Reputation: 540
I have a text file which am parsing through antlr4.
Text format
TEST OFFICE
98 KINGS STREET
DATE 18/05/22 FORT,ABC
ABC HOTEL PLC
CFA 843 PAGE 1
NO 40 DUTCH BUILDING
PARK ROAD HALL
KINGS STREET 01 ACCOUNT NO 5XX75YY200
2128 100 CURRENCY USD
BALANCE AS OF 17MAY22 1,115.75
18MAY22 CLOSING BALANCE 1,115.75
TOTAL DEPOSITS 0 ITEMS .00
TOTAL WITHDRAWALS 0 ITEMS .00
Grammar Rules
// Define a grammar called CustomValidation
grammar CustomValidation;
@header {
package grammar ;
}
init : statement+ ;
statement : detail+ ;
detail : content+ ;
content : id ;
id : (WORD | NUMBER | SIGNS)* ('\r'|'\n')+ ;
WORD : LETTER+ ;
NUMBER : DIGIT+ ;
SIGNS : SIGN+ ;
WHITESPACE : ( '\t' | ' ' )+ -> skip ;
fragment LETTER : ('a'..'z' | 'A'..'Z') ;
fragment SIGN : ('.'|'+'|'('|')'|'/'|','|'-'|'&'|'\''|':'|'#'|'_'|'*'|';'|'%'|'@'|'"'|'`') ;
fragment DIGIT : ('0'..'9') ;
I get this
Error -> line 36127:63 extraneous input '<EOF>' expecting {'
', '
', WORD, NUMBER, SIGNS}
What am i doing wrong and how could i make these rules better?
Upvotes: 0
Views: 1016
Reputation: 170178
Your example input get properly parsed if you start with the init
rule:
String source = " TEST OFFICE\n" +
" 98 KINGS STREET\n" +
" DATE 18/05/22 FORT,ABC\n" +
" ABC HOTEL PLC\n" +
" CFA 843 PAGE 1\n" +
" NO 40 DUTCH BUILDING\n" +
" PARK ROAD HALL\n" +
" KINGS STREET 01 ACCOUNT NO 5XX75YY200\n" +
" 2128 100 CURRENCY USD\n" +
" BALANCE AS OF 17MAY22 1,115.75\n" +
" 18MAY22 CLOSING BALANCE 1,115.75\n" +
" TOTAL DEPOSITS 0 ITEMS .00\n" +
" TOTAL WITHDRAWALS 0 ITEMS .00\n";
CustomValidationLexer lexer = new CustomValidationLexer(CharStreams.fromString(source));
CustomValidationParser parser = new CustomValidationParser(new CommonTokenStream(lexer));
ParseTree root = parser.init();
System.out.println(root.toStringTree(parser));
prints:
(init (statement (detail (content (id TEST OFFICE \n)) (content (id 98 KINGS STREET \n)) (content (id DATE 18 / 05 / 22 FORT , ABC \n)) (content (id ABC HOTEL PLC \n)) (content (id CFA 843 PAGE 1 \n)) (content (id NO 40 DUTCH BUILDING \n)) (content (id PARK ROAD HALL \n)) (content (id KINGS STREET 01 ACCOUNT NO 5 XX 75 YY 200 \n)) (content (id 2128 100 CURRENCY USD \n)) (content (id BALANCE AS OF 17 MAY 22 1 , 115 . 75 \n)) (content (id 18 MAY 22 CLOSING BALANCE 1 , 115 . 75 \n)) (content (id TOTAL DEPOSITS 0 ITEMS . 00 \n)) (content (id TOTAL WITHDRAWALS 0 ITEMS . 00 \n)))))

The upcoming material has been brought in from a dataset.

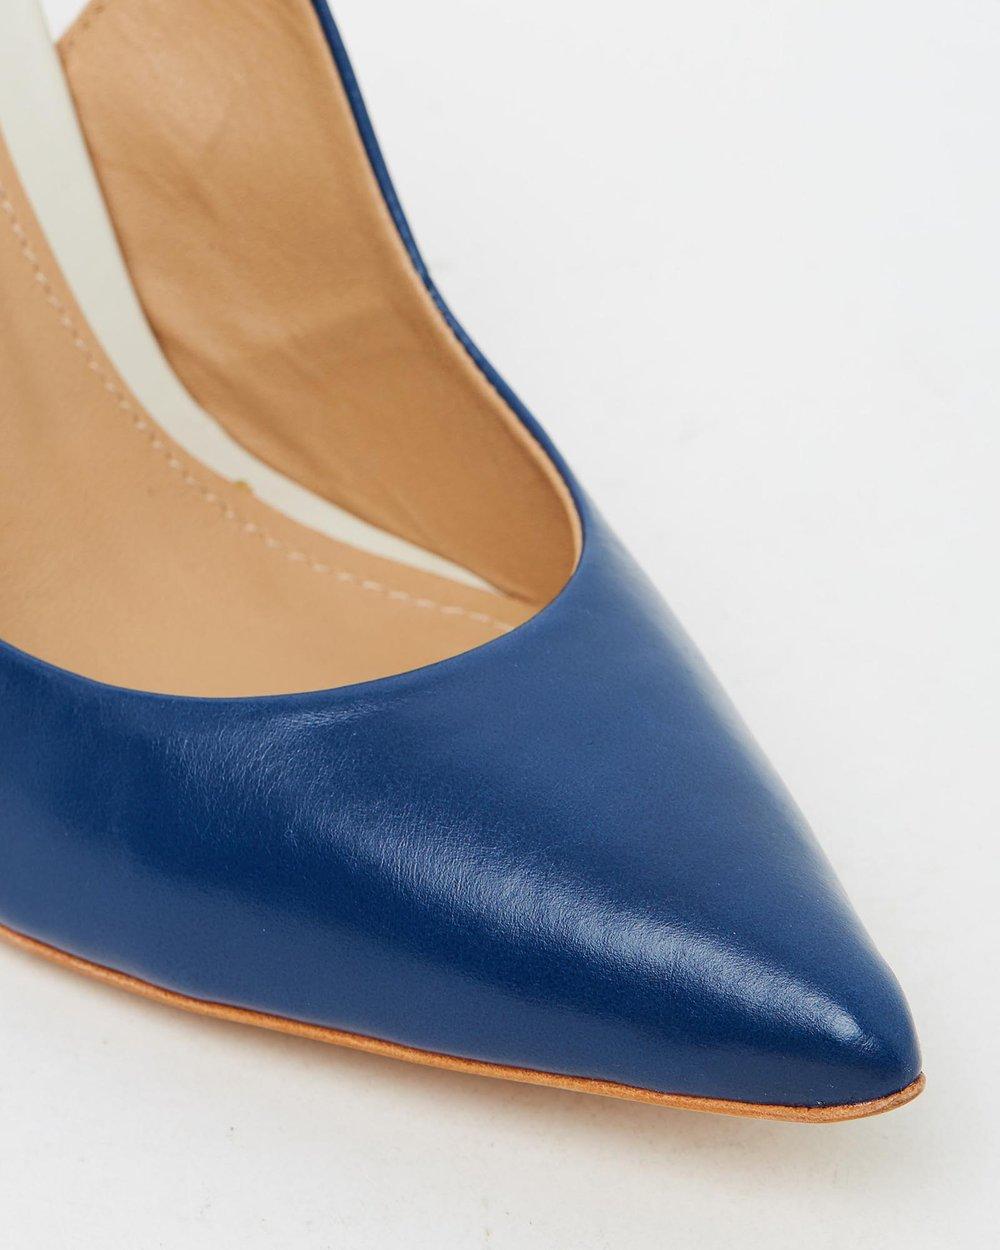 Farah - Royal Blue & Off-White

which looks like this indented:
(init
(statement
(detail
(content
(id TEST OFFICE \n))
(content
(id 98 KINGS STREET \n))
(content
(id DATE 18 / 05 / 22 FORT , ABC \n))
(content
(id ABC HOTEL PLC \n))
(content
(id CFA 843 PAGE 1 \n))
(content
(id NO 40 DUTCH BUILDING \n))
(content
(id PARK ROAD HALL \n))
(content
(id KINGS STREET 01 ACCOUNT NO 5 XX 75 YY 200 \n))
(content
(id 2128 100 CURRENCY USD \n))
(content
(id BALANCE AS OF 17 MAY 22 1 , 115 . 75 \n))
(content
(id 18 MAY 22 CLOSING BALANCE 1 , 115 . 75 \n))
(content
(id TOTAL DEPOSITS 0 ITEMS . 00 \n))
(content
(id TOTAL WITHDRAWALS 0 ITEMS . 00 \n)))))
My guess is that the error you're getting is produced by a parser generated from a grammar that looks differently than the grammar you now posted. Every time you make changes to the grammar, you need to let ANTLR generate new lexer- and parser classes.
Upvotes: 1